Information provided:
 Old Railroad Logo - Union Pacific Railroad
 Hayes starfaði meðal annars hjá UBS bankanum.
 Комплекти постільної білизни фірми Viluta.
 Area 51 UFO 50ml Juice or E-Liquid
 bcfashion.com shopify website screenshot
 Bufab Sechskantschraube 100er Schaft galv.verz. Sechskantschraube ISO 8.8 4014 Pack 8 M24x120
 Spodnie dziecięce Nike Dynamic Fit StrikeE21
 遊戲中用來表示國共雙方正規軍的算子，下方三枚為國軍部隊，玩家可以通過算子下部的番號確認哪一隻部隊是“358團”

Problem to work on:
Exactly the lines from the one that holds "Комплекти постільної білизни фірми Viluta." through the final line of the records above should be written out, and only those.

Written solution:
 Комплекти постільної білизни фірми Viluta.
 Area 51 UFO 50ml Juice or E-Liquid
 bcfashion.com shopify website screenshot
 Bufab Sechskantschraube 100er Schaft galv.verz. Sechskantschraube ISO 8.8 4014 Pack 8 M24x120
 Spodnie dziecięce Nike Dynamic Fit StrikeE21
 遊戲中用來表示國共雙方正規軍的算子，下方三枚為國軍部隊，玩家可以通過算子下部的番號確認哪一隻部隊是“358團”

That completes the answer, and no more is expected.